Annette Jane Dobson  (born 4 September 1945) is a Professor of Biostatistics in the University of Queensland's Centre for Longitudinal and Life Course Research (CLLR) in the School of Public Health. At her institution, she is the Head of teaching programs and a Management Executive in the Management Committee. Dobson was Director of the Australian Longitudinal Study on Women's Health from 1995 to 2013. She is a highly cited publication author, a book author, and has received an Australia Day award.

Qualification 
Dobson earned a Bachelor of Science degree from the University of Adelaide in 1966. Moving on to the James Cook University, she completed a Master of Science in 1970 and a PhD (Doctor of Philosophy) in 1974. She was recognised as an Accredited Statistician in 1998 by the Statistical Society of Australia, and received a Graduate Certificate of Management in 2001 from the University of New England (Australia).

Research interests 
Her research interests lie in the fields of biostatistics, epidemiology, longitudinal studies, and social determinants of health. In biostatistics, she is specifically interested in generalized linear modeling, clinical biostatistics, and statistical methods in longitudinal studies.
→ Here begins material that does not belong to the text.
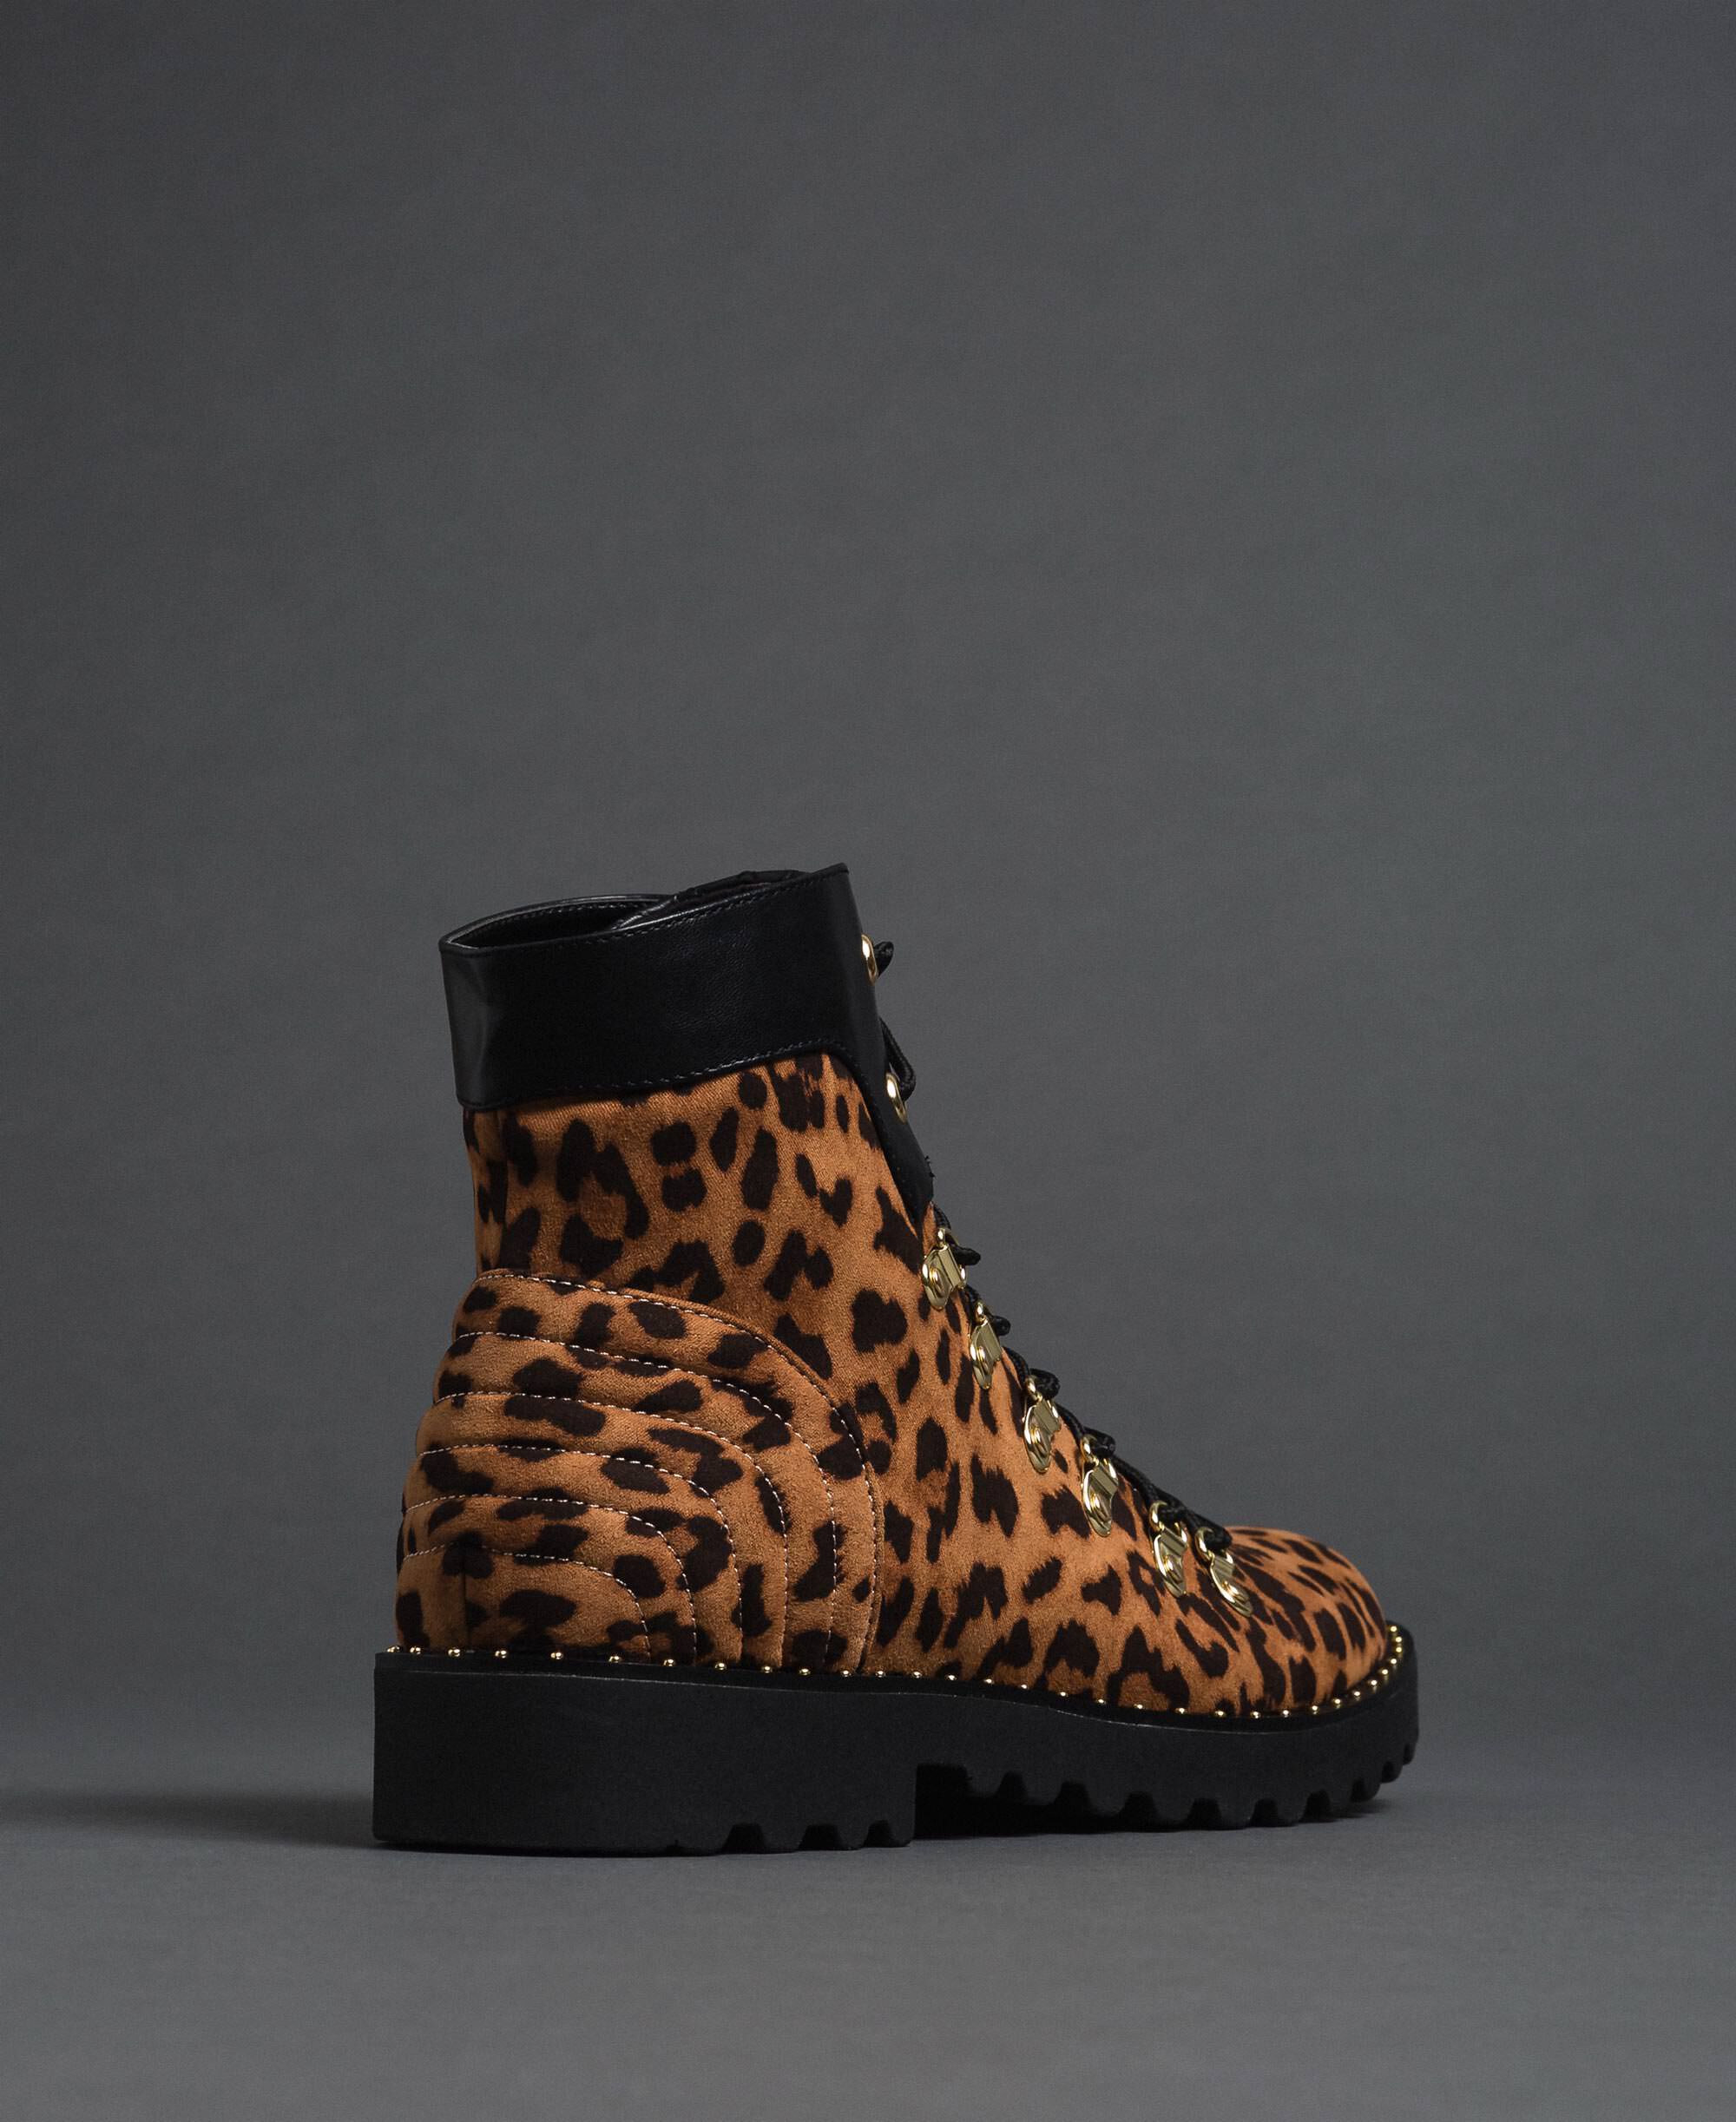 cheetah combat boots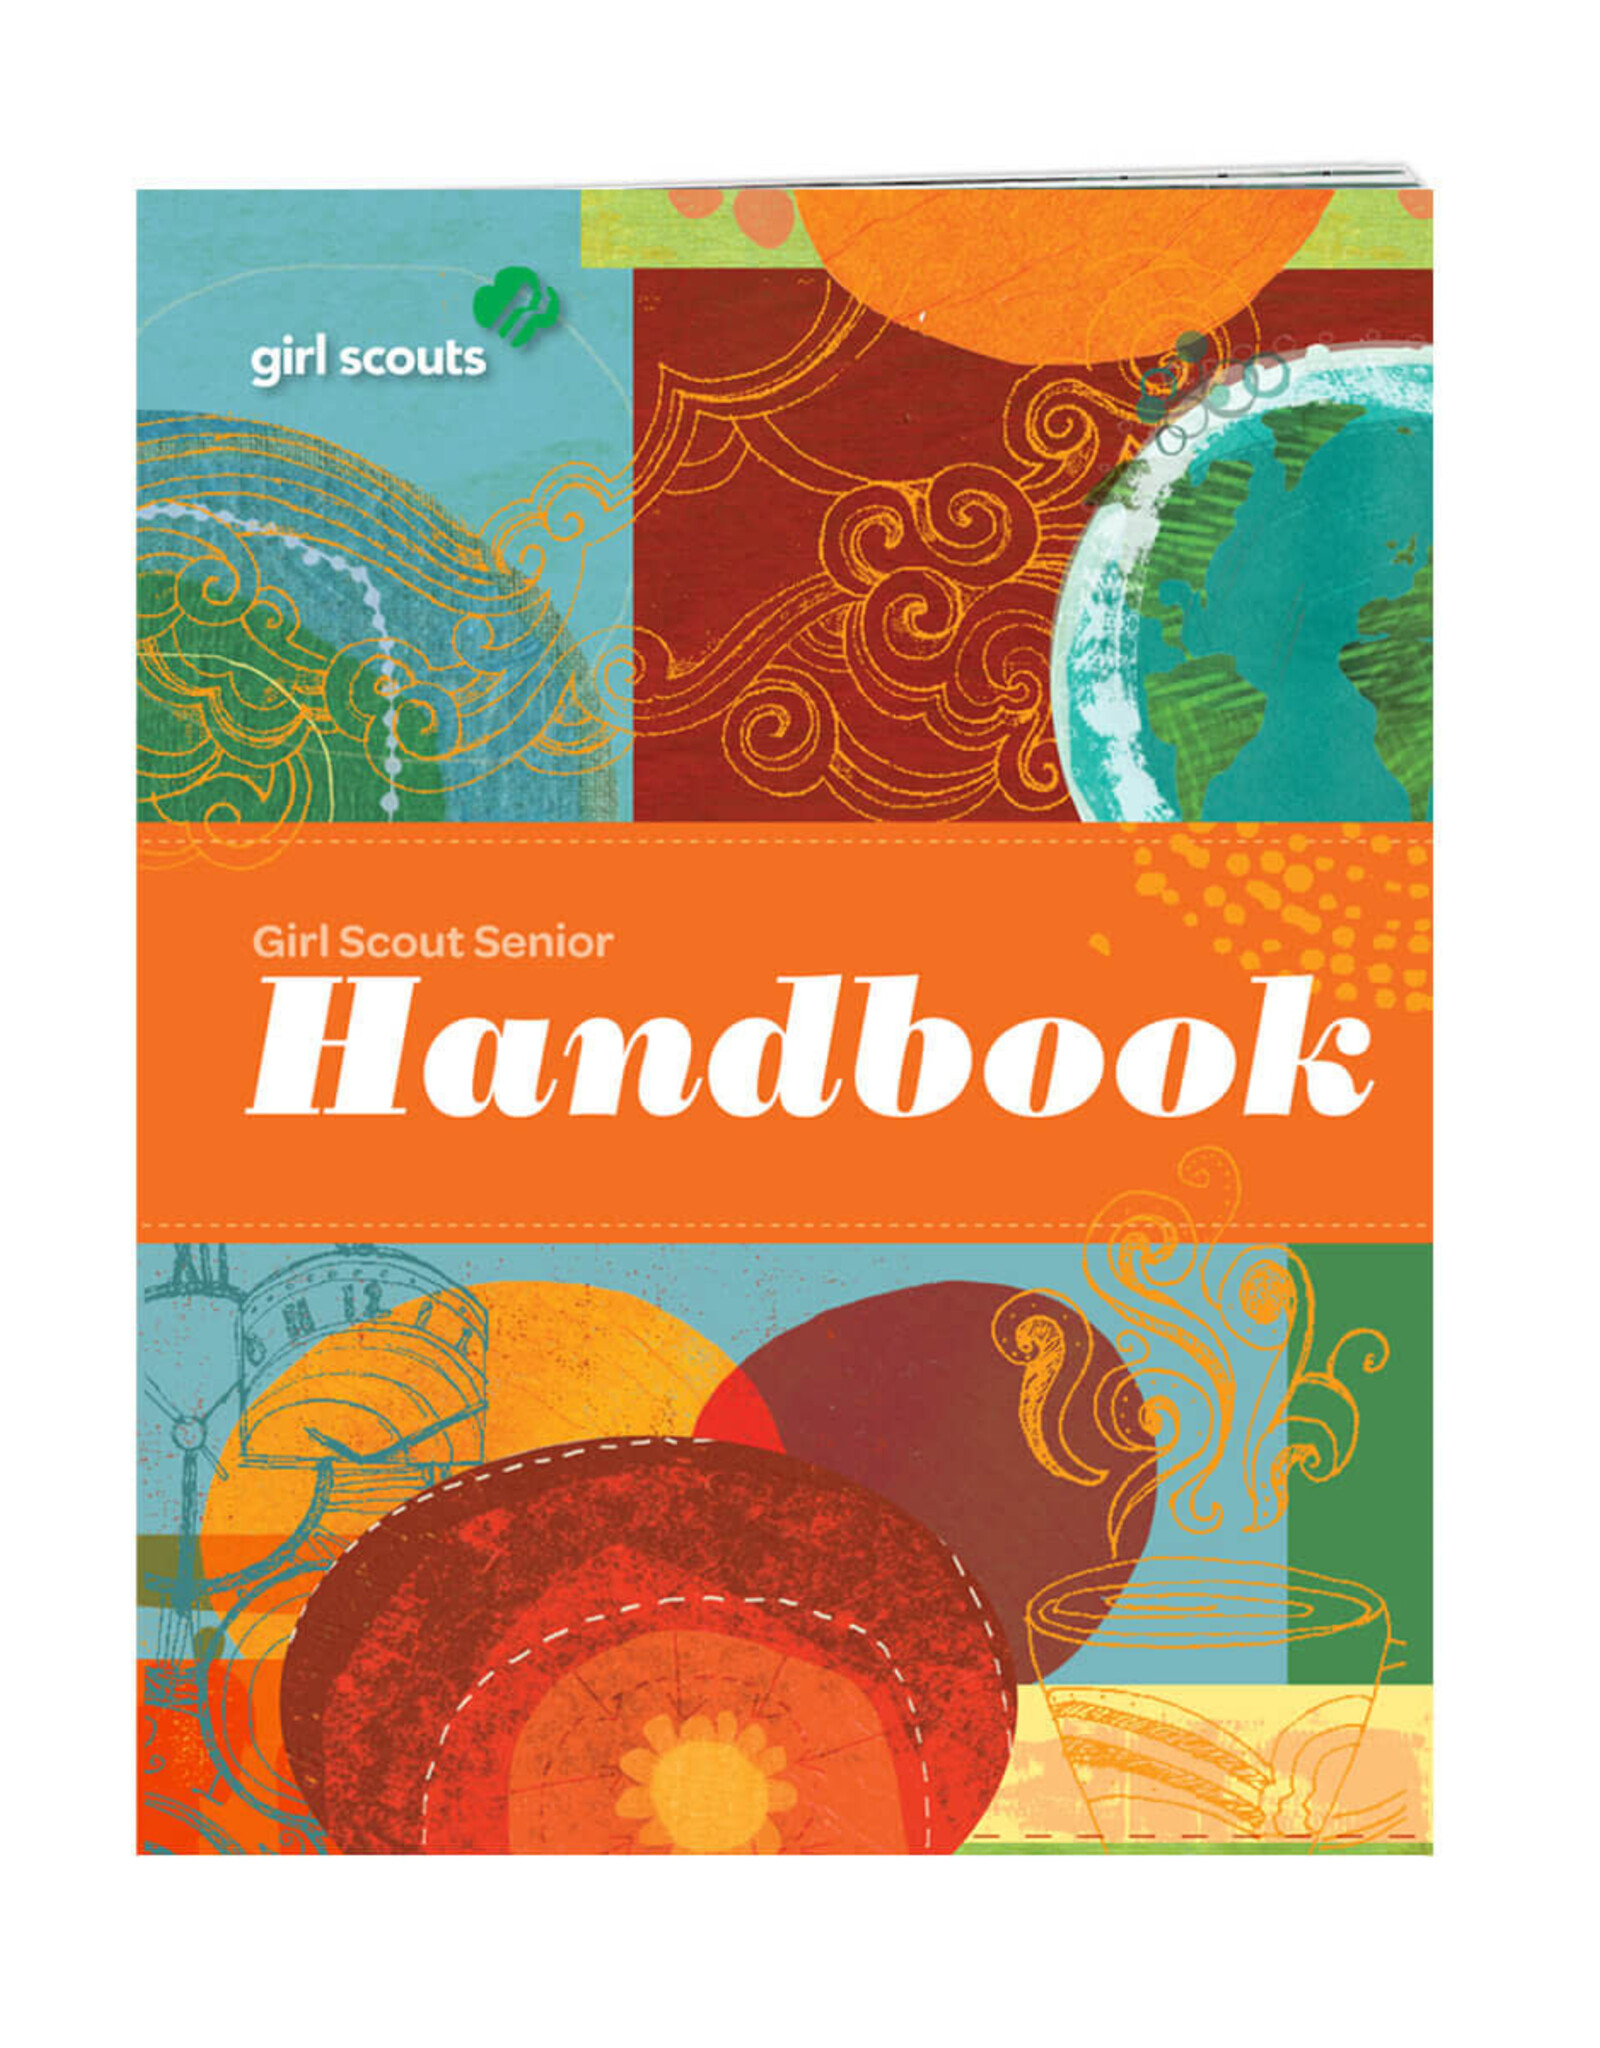 Girl Scout Senior Handbook

Dobson's topics in epidemiology include tobacco control, diabetes, cardiovascular disease, obesity and health care service use.

Positions 
Dobson is the founding Director of the Australian Longitudinal Study on Women's Health (ALSWH). and director of the Centre for Longitudinal and Life Course Research.

She was the inaugural chair of the BCA Master of Biostatistics at its inception in 2000.

Awards 
Dobson was made a Member of the Order of Australia in 2010 for her service to public health and biostatistics as a research and academic, particularly through the collection and analysis of data relating to cardiovascular disease and women's and veterans' health, which provided a basis for public health interventions and policies to reduce disease burden in the population.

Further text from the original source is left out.